Effect of dasatinib on endothelial cell actin fiber organization. Subconfluent human microvascular endothelial cells‐1 were treated with dimethyl sulfoxide (A) or dasatinib (B), fixed, permeabilized and stained with phalloıdin (green) for F‐actin or FAK (red) for adhesion plaques. Images were taken in a confocal microscope (1000X).

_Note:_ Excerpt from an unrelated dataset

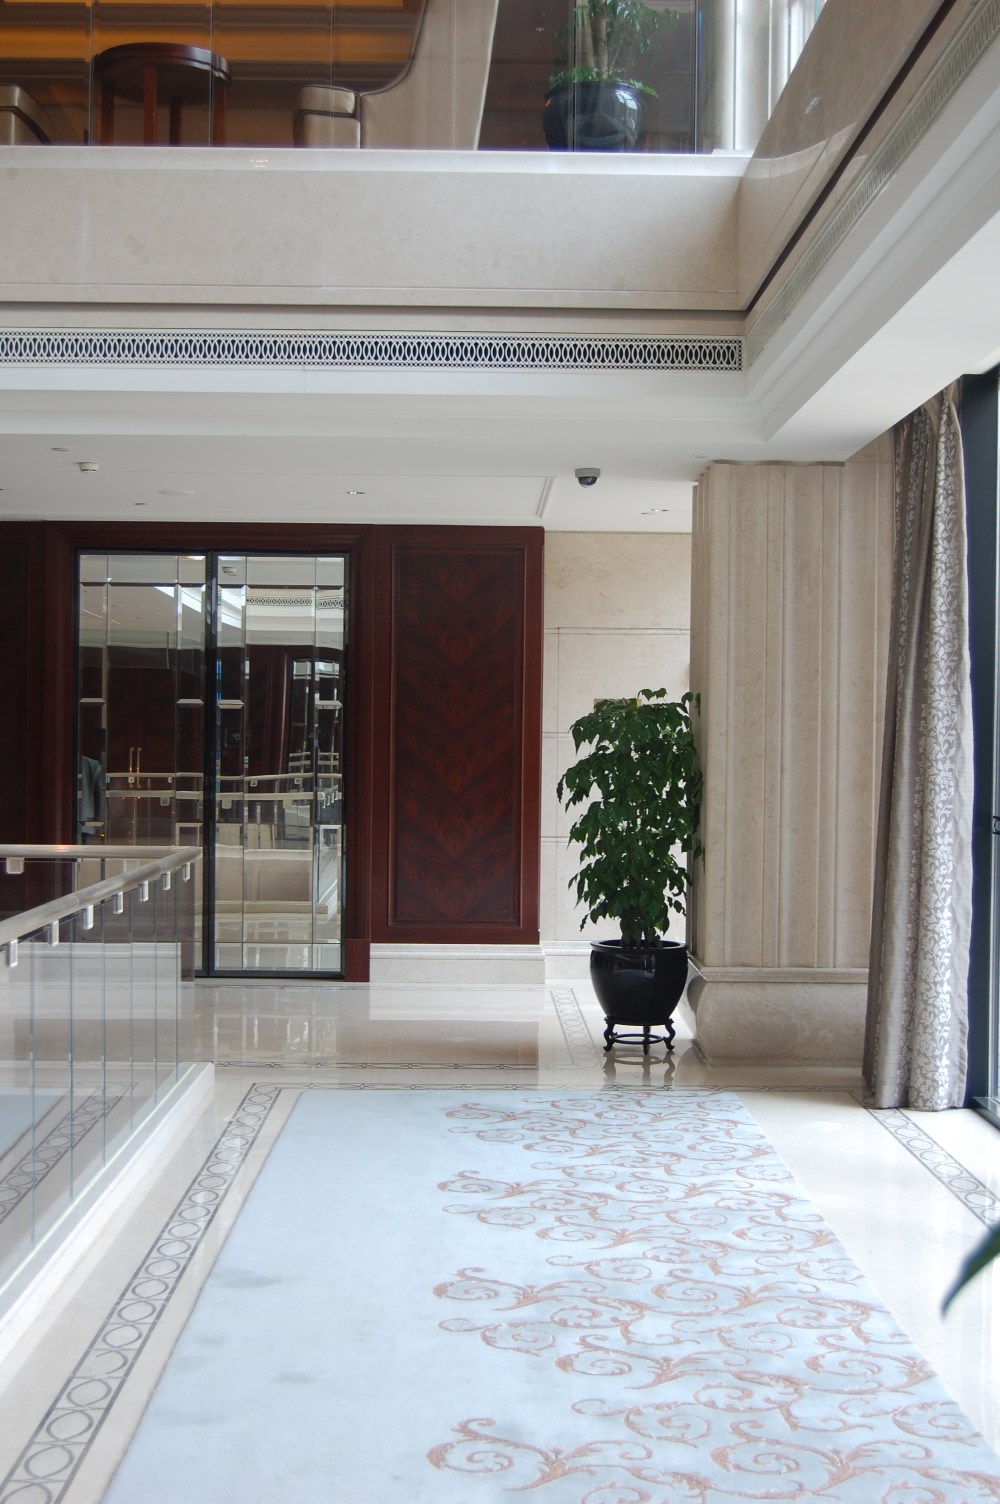 上海华尔道夫酒店(The Waldorf Astoria OnTheBund)(HBA)10.9第10页更新_DSC_0620.JPG

Dasatinib inhibits tyrosine phosphorylation of p130cas, paxillin, and vinculin

The changes in the cytoskeletal organization suggested alterations in the functional status of cytoskeletal proteins involved in cell spreading. Since dasatinib is tyrosine kinase inhibitor and tyrosine phosphorylation plays a major role in the maintenance of cytoskeleton, we examined phosphorylation status of several cytoskeletal proteins. Tyrosine phosphorylation of p130cas (Y165), paxillin (Y118), and vinculin (Y1065) were markedly decreased by dasatinib (Fig. 5A, C and E). Under similar conditions, imatinib had no effect on tyrosine phosphorylation of these proteins at 100 ng/mL (Fig. 5B, D, and F). Under the similar conditions, the phosphorylation of FAK was not significantly affected by dasatinib or imatinib (Fig. 5G and H). The effect of dasatinib is time and concentration‐dependent and it is seen within 5–10 min of incubation (Fig. 6).

Figure 5.

Figure 5

Effect of dasatinib on tyrosine phosphorylations of p130cas, paxillin, vinculin and, FAK . Human microvascular endothelial cells‐1 were incubated with 100 ng/mL of dasatinib (DAS) (panels A, C, E, G), or imatinib (IMAT) (panels B, D, F, H) and the cells were solubilized. Lysates were subjected to SDS‐PAGE, electrophoretically transferred to PVDF membranes and immunoblotted with phosphospecific antibodies to p130cas, paxillin, or vinculin. The blots were stripped of antibodies and reprobed with corresponding antibodies to total protein. The relative intensity of phosphoblot to the corresponding total protein in dimethyl sulfoxide (DMSO)‐treated cells was considered as 1 for comparison. The phosphorylation status of FAK was assessed by immunoprecipitation from cell lysate with FAK antibody and probed with phosphotyrosine and FAK antibodies. A representative blot and ratios of relative band intensities (means and SD) of three independent experiments are shown. * denotes a P value of less than 0.05 compared to DMSO.

Figure 6.

Figure 6

Time and concentration‐dependent effect of dasatinib on tyrosine phosphorylations of p130cas, paxillin, and vinculin. (A–C) Human microvascular endothelial cells (HMEC‐1) were incubated with dasatinib 100 ng/mL for the indicated times (0–60 min) and the cells were solubilized, and subjected to SDS‐PAGE, electrophoretically transferred to PVDF membranes and immunoblotted with antibodies to phosphospecific and total p130cas, paxillin, or vinculin. (D–F) HMEC‐1 were incubated with various concentrations of dasatinib and immunoblotted with phosphospecific or total p130cas, paxillin, or vinculin.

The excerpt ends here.